Doctors are trained to cure diseases. You are feeling sick, they look at your symptons and find a treatment to make you well again. They are not interested in your feelings. And miscarriages are usually not a disease they can cure. Most of the time they don’t know the causes and there is no treatment available. On top of that, most miscarriages (not recurrent ones) are really caused by an abnormal embryo that couldn’t survive anyway. And the grand reason of all: miscarriages (unless they are very late in the pregnancy) will usually not make you sick or kill you. They are not going to cause your body any harm. They will only make you miserably sad. But the doctors don’t treat sadness. They send you to counselors and psychiatrists for that. So they don’t care.
I wish they did.
There aren’t enough doctors looking for answers or researches going on to solve the mistery of multiple miscarriages. It might be for a purely economic reason, but I don’t think so. As long as most doctors are willing to dismiss miscarriages as easily as they do, we won’t see this medical field evolve as it should. 2/3 of the couples that have multiple miscarriages can’t find an answer for this personal tragedy, so there is a lot of research that needs to be done.

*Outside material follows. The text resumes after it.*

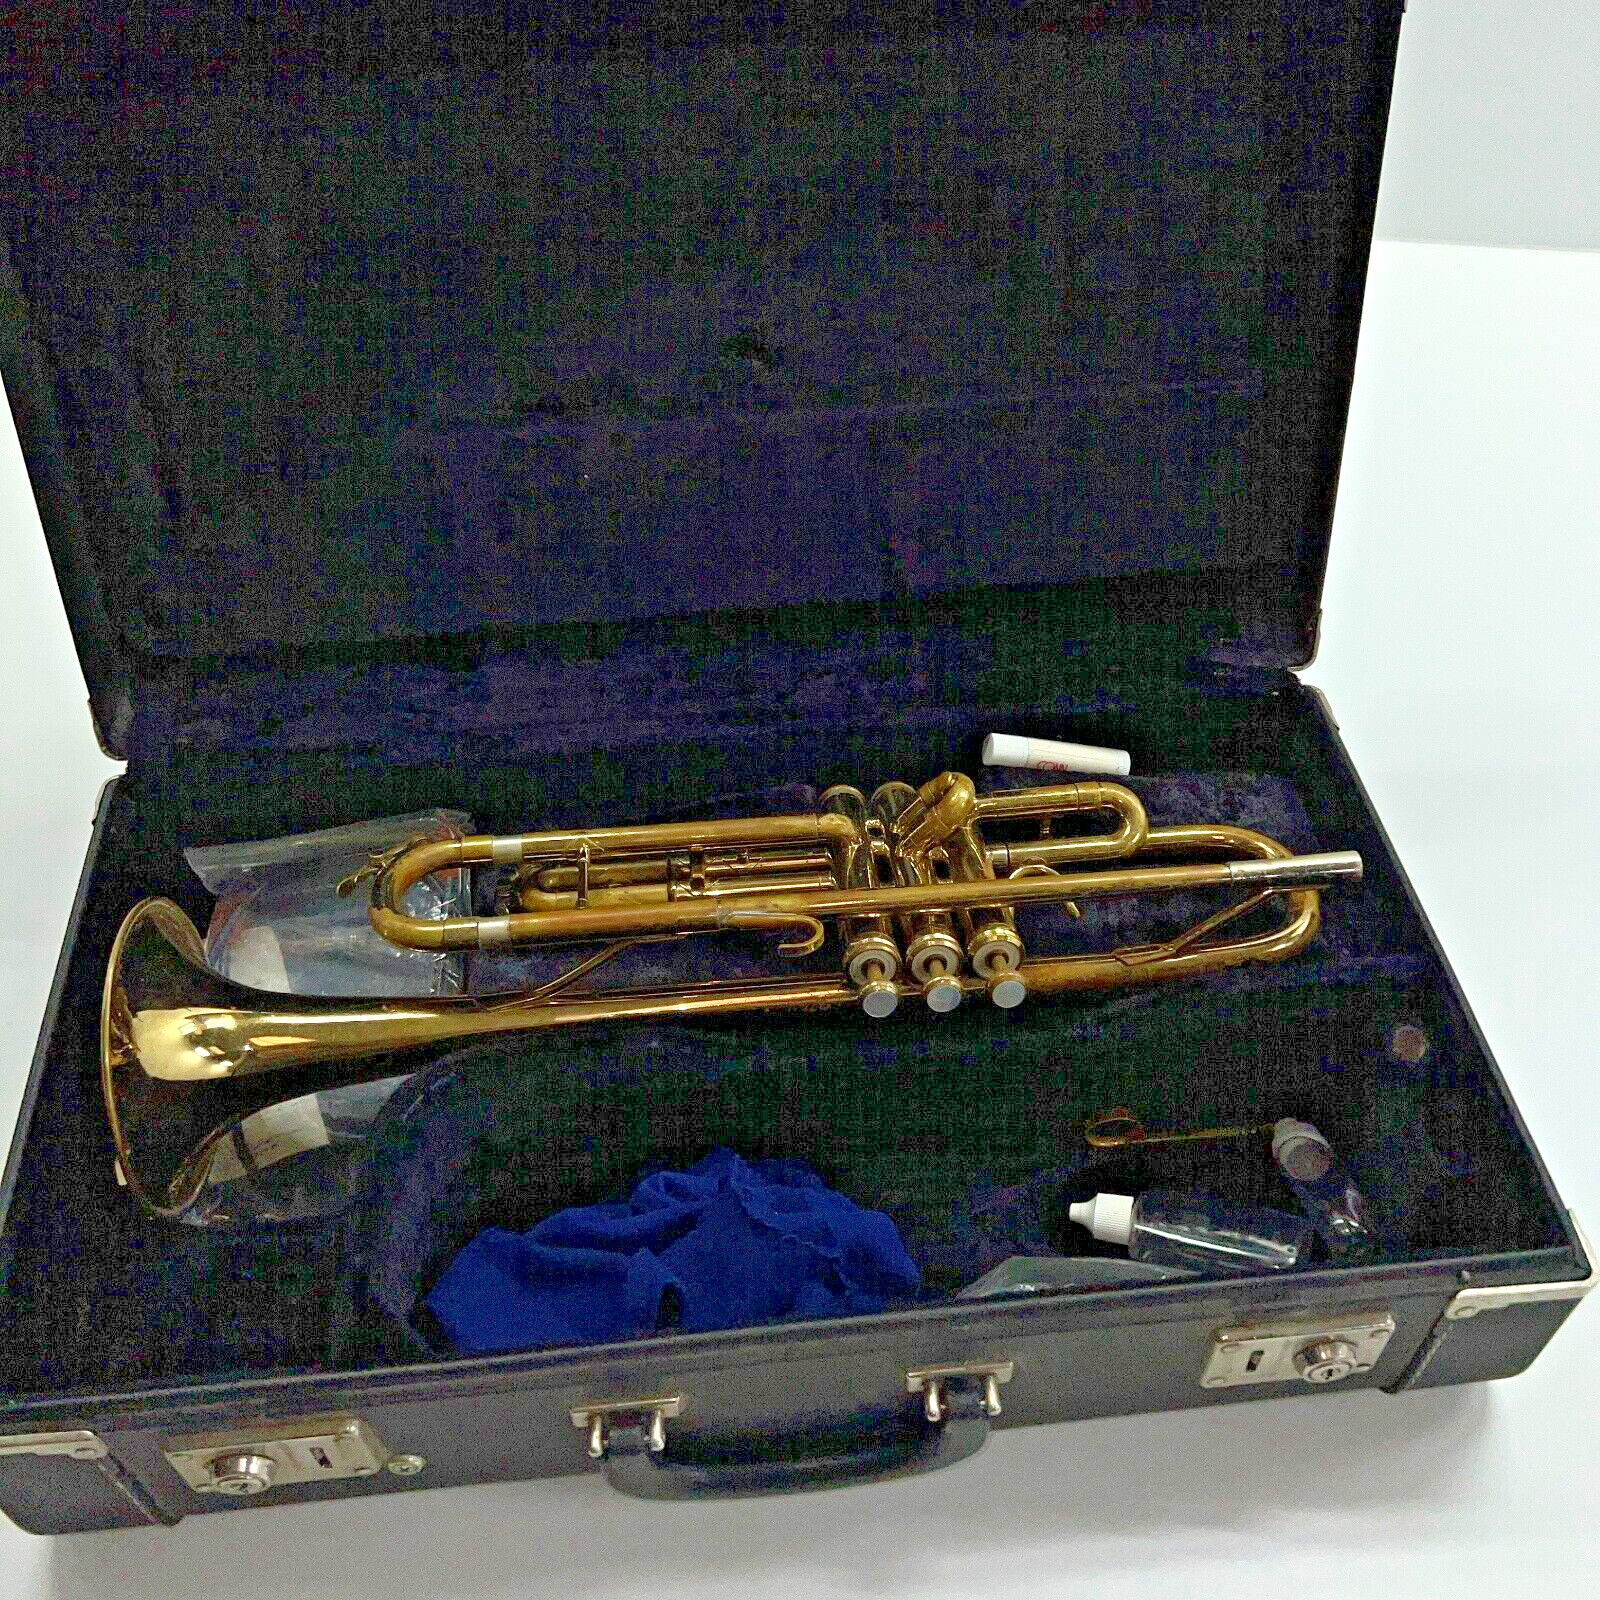 King 1501 U.S.A. Trumpet in Case for Restoration 1

My husband has a kid, and this fact is gaining new proportions
My husband had a kid when he was really young. His girlfriend at the time wanted to have the child. The families made a mess of the situation, she broke up with him after a big family fight. She delivered the baby and gave him for adoption. My husband signed the papers and gave away his parental rights. For the longest time, he didn’t want to have any more kids. We got married, I would have had a baby right away, but he wasn’t ready. I waited for him to get his mind around it.
After our second wedding anniversary he said he was ready to try. Everything that happened after that I already told here. Three pregnancies, three miscarriages, a very hard time for us.
The thing is: it’s pretty obvious whose problem this is. I’ve heard from the RE specialist that 1/3 of the infertility cases is a problem with the woman, 1/3 with the man and 1/3 a problem with both men and women. In our situation, it’s very clear for the world that I am the cause. He has a healthy kid to show everybody that he has no problem having a baby. It puts me on the spotlight.
And of course I am always afraid that we won’t able to have kids and the only kid he will ever have is that one he had a long time ago. The kid that was given away. The kid that is growing up thousands of miles from here with another family and already has a dad. It’s so ironic.